Because about 50 percent of that comes from hearing, even somebody riding a bike down the street, so a lot of it is you're aware of things by sound, even if you don't realize that. So the military's challenge has been to come up with a way to protect hearing but also enable you to hear more quiet places.
In special operations, they have something that they're using, which is really cool. It's these ear cuffs that magically—well, not magically; it's technology—but they attenuate loud noise, they minimize loud noises. They sense something that's over a certain decibel level, cut that, but amplify quiet noises like a human voice. So you put these on, and when they're switched on, it's kind of amazing. You're kind of like the Bionic Woman; you're able to hear a conversation across the street.
So that's the challenge of military hearing. The other thing that's tough is that when a really loud noise starts happening, there's no warning. So you could be going along for hours in a convoy, and there's not any firefight or anything going on, but suddenly an IED goes off, so you don't have any warning to put on or in your ear protection.

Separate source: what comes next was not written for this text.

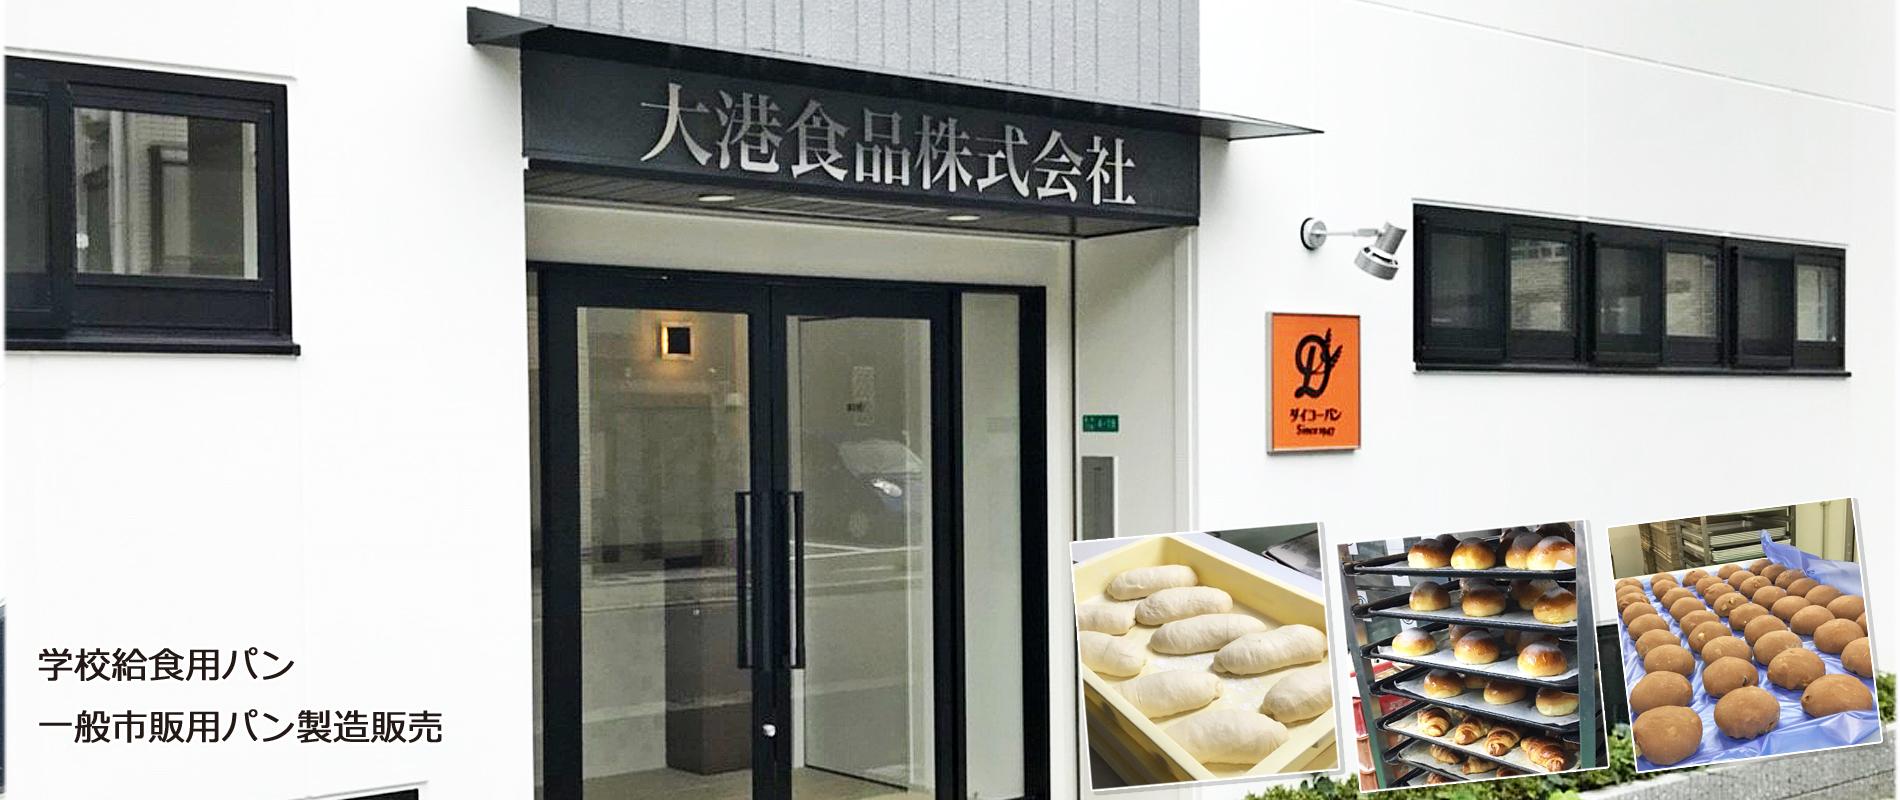 ダイコーパン 学校給食用パン・一般市販用パン製造販売の大港食品株式会社

So that's the other challenge, and it's hard to convince a soldier to wear a heavy headset the entire eight hours that they're driving somewhere. Somebody put it as the military doesn't have a noise problem; they have a quiet problem because a lot of times it's not loud, but suddenly it's loud and you don't have the time, and now your hearing is blown.
Like so many military technologies, it's something that may start out with a specific military application, but it finds its way to the civilian world. And I actually want a pair just to put on in the subway and eavesdrop to the other end of the car. When I was young, there was a show, The Bionic Woman, and I'm dating how ancient I am, but one of the things was she was in a tragic accident and she was rebuilt, and they gave her bionic hearing.
And you'd see her kind of go like beep, beep, beep, and then she would be able to hear conversations, like the bad guy across the street having a conversation. This is what these things do. It's pretty spectacular.